Завирюха откинулся на спинку скамейки, забросил правую ногу на левую, положил руку поближе к пышной спине собеседницы. Не для того, чтобы ощупать её — обычный знак внимания.

— Я, как и вы, одинок… Скучно сидеть в доме, да и на улице не легче…

— Из-за комарья? Вот нечисть бесовская, так и кружится…

Завязывается солидный разговор с перспективой на развитие. Правда, было бы намного приятней пообщаться с телкой помоложе и потоньше, но, как говорится, на безрыбье и рак рыба.

— Разве это комары? Маленькие, аккуратные, долго выбирают удобное для укусов место, кусаются, будто целуются. В Сибири вкалывают без промедления.

— Вы и в Сибири побывали? — завистливо заохала сторожиха, всплеснув пухлыми ручками. — Как же я завидую путешественниками! Сколько они узнают, какими красотами любуются!… Простите, как вас по имени и по батюшке?

Завирюха приосанился, придвинулся поближе к собеседнице. Та не отодвинулась, только задышала чаще и слегка покраснела. Груди запрыгали на подобии лодок во время шторма.

— Только вам откроюсь, — до предела понизив голос, парень склонился к заалевшему женскому ушку. — Фамилия и отчество у меня знаменитые, потому прячу их от людей.

— И какая же фамилия? — запинаясь, спросила женщина, разнежившись от поглаживания по жирному плечику.

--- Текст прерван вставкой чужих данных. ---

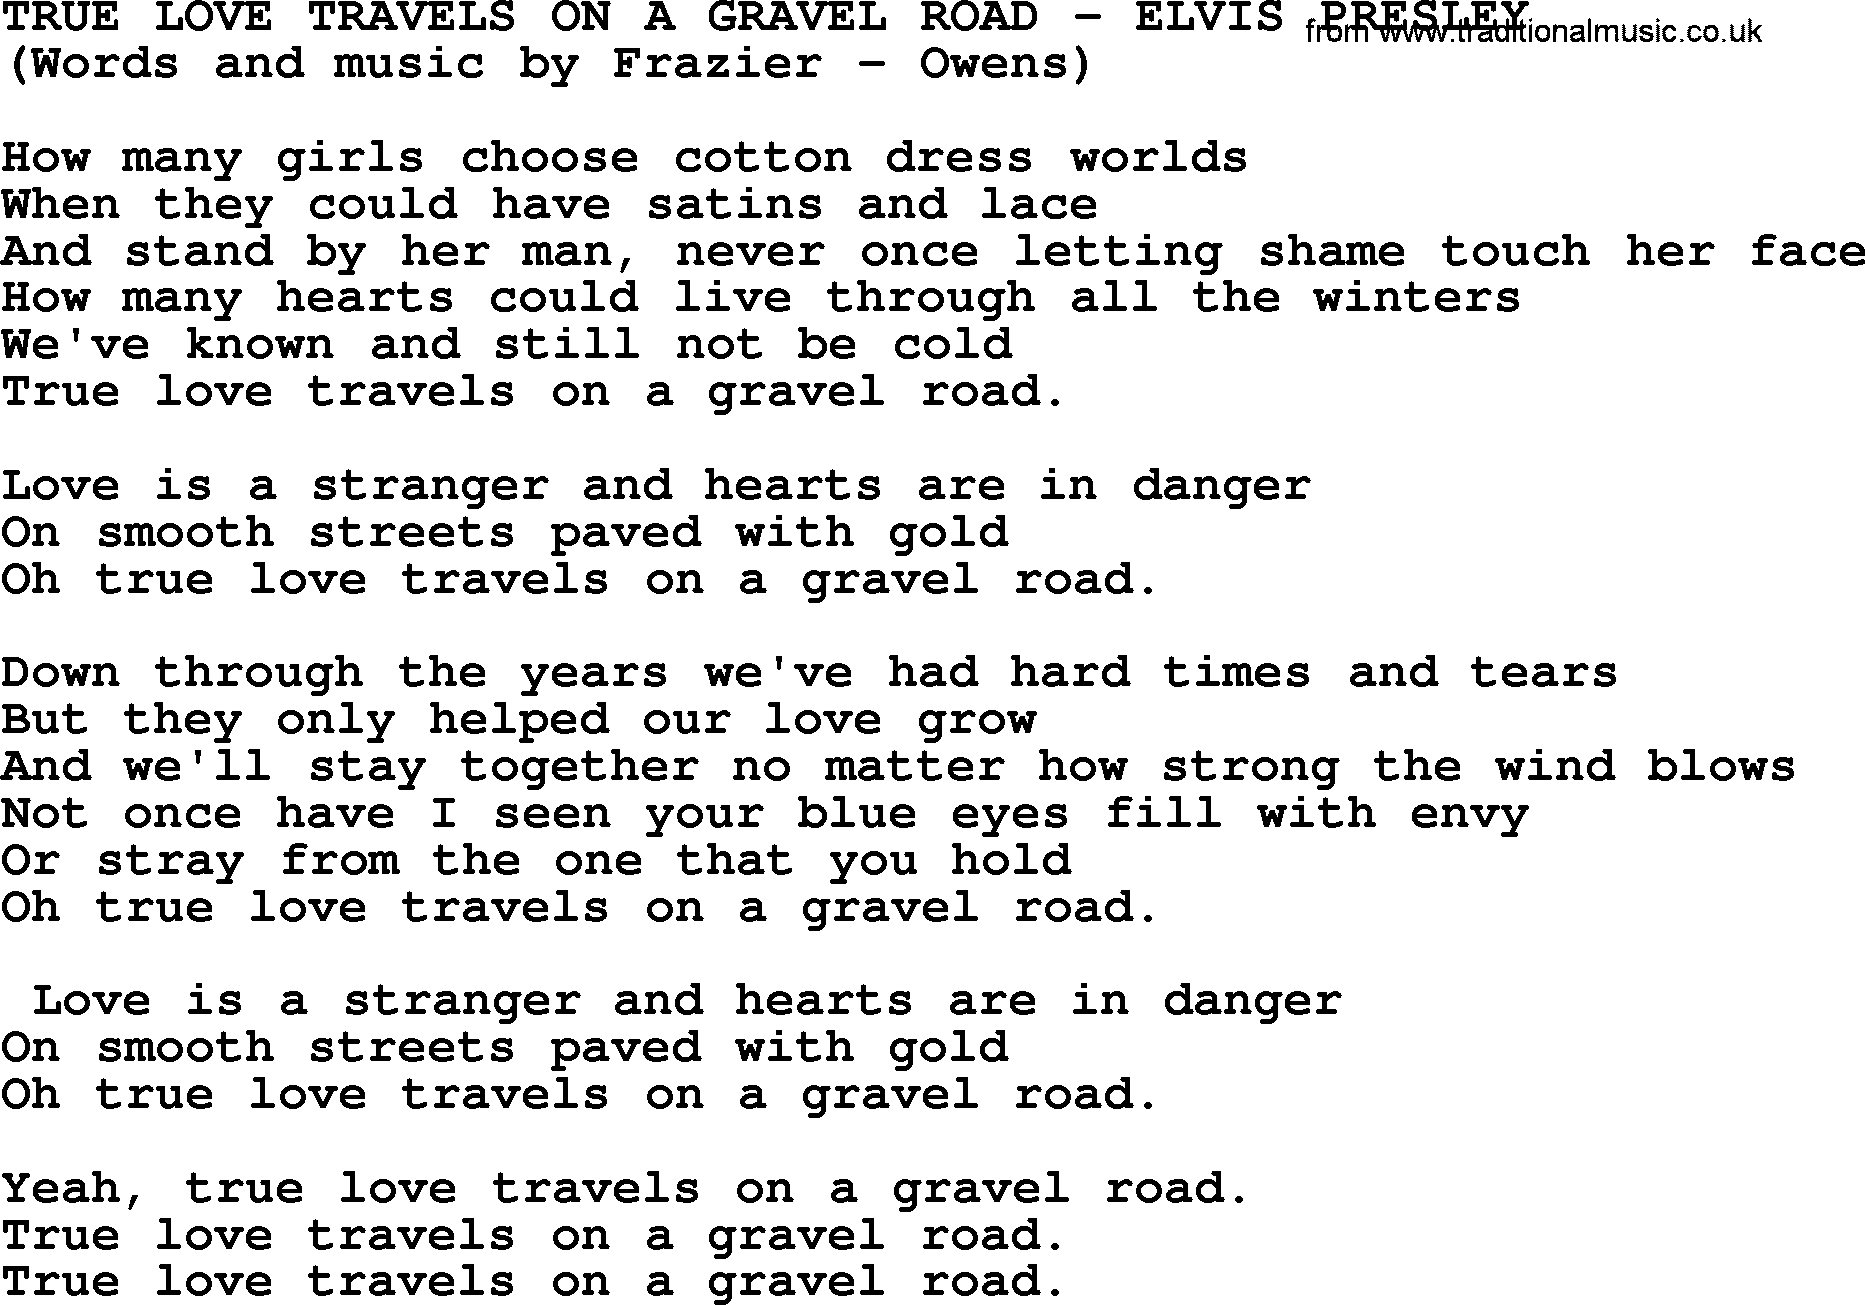 Elvis Presley song: True Love Travels On A Gravel Road lyrics

С перспективой перебраться на грудь. — Только не надо гладить меня, как кошку. Щекотно.

— Нет, вы не кошка — кошечка, — опустил руку ниже Завирюха. — Скорее даже — котеночек… Что же до моей фамилии — папаша наградил. Скрестился шалун на Урале с одной молодкой, обрабатывал её, почитай, каждую ночь. До того старался, что, простите, заделал пацаненка, то-есть, меня. А вот ожениться на молодке ему запретило партийное начальство. Сказали, оставишь законную супругу — положишь партбилет. Вместе с высокой должностью, солидным окладом, персональной машиной и дачей… Струсил батя и отвалил.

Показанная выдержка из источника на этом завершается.